Linda: My current books feature a Jamaican DI Georgia Johnson, and her cockney side-kick, Sergeant Stephanie Green. How and why did they come about? They just happened, as I was writing about gang crime, Georgia just sort of popped up. Characters do that to you. I like her and Stephanie together, so I carried them over into other books. Banham and Alison Grainger, who I had previously featured in my first three books, are always there though, even in smaller parts in each book, but feature very strongly in my next book. So yes, they are back, but as this next book is currently being written I won't say too much about it, just yet. Except, I hope my readers enjoy it. I know the characters of Banham and Alison have proved popular which is why I brought them back.
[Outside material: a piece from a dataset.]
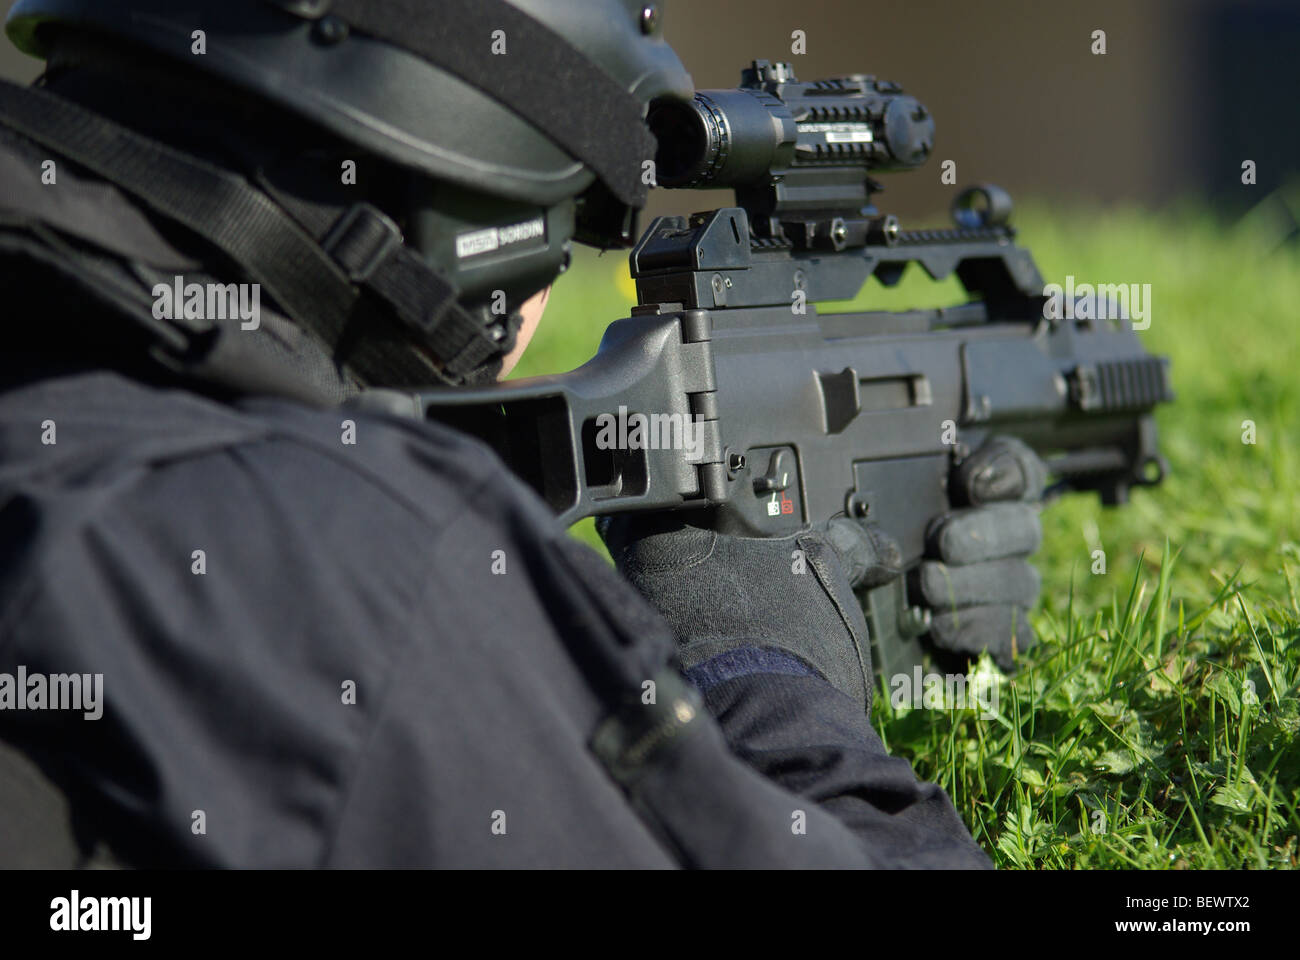 Police firearms officer in containment position Stock Photo

Carol: How do you fit in your acting and writing careers? Do you run them in parallel, fitting in writing around acting, or do you set aside a chunk of time between acting engagements to devote to writing a book?
Linda: How do I balance acting and writing? Well an actor never knows when she will work, or even if she will ever work again. With writing it is a solitary business, no one else involved while you are making it. Different when it is done, and you have to do signings etc. So I always have a writing project, but I have to wait for someone to offer me an acting one. And if I have no acting going on, then I have my writing, and if I have acting, then I take my lap-top and keep my writing up when I have time off. Last year I managed a book and a play and some tele, so I just hope someone will want to employ me as an actor, or read my books. Every day I wonder if I will ever get another days acting work, or sell my next book. One can never be sure of anything in this business.

Carol: Tell us a bit about yourself, your interests and hobbies. That’s assuming you get any time for hobbies between two such time-consuming, creative careers.
Linda: My hobbies and me? Well I have a dog. I totally and utterly adore her, and don't ever want to go away on holiday without her, so I go on holiday with my hubby and dog around England. I love walking. I also read when I can, and catch up with friends who are working in plays or such. I am really, I suppose, quite dull. I have been happily married to my husband (Actor Brian Murphy from George and Mildred fame), for twenty seven years and  we often don't see each other for a while because of working in different places. So, we make the most of it when we are free together. We like seeing family and close friends and we are mad EASTENDERS fans!!!

Books
Behind You (1st) (2006) Passion Killers (2007)
Dead Like Her (2009) Brotherhood of Blades (2011)
Street Girls (2013 Guts for Garters (2015
Sisterhoods (2016)

A review of Linda’s recent book Sisterhoods can be read here.
 http://promotingcrime.blogspot.co.uk/2017/01/sisterhoods-by-linda-regan.html




Carol Westron is a successful short story writer and a Creative Writing teacher.  She is the moderator for the cosy/historical crime panel, The Deadly Dames.  Her crime novels are set both in contemporary and Victorian times.  The Terminal Velocity of Cats is the first in her Scene of Crimes novels, was published July 2013. Her latest book The Fragility of Poppies was published 10 June 2016.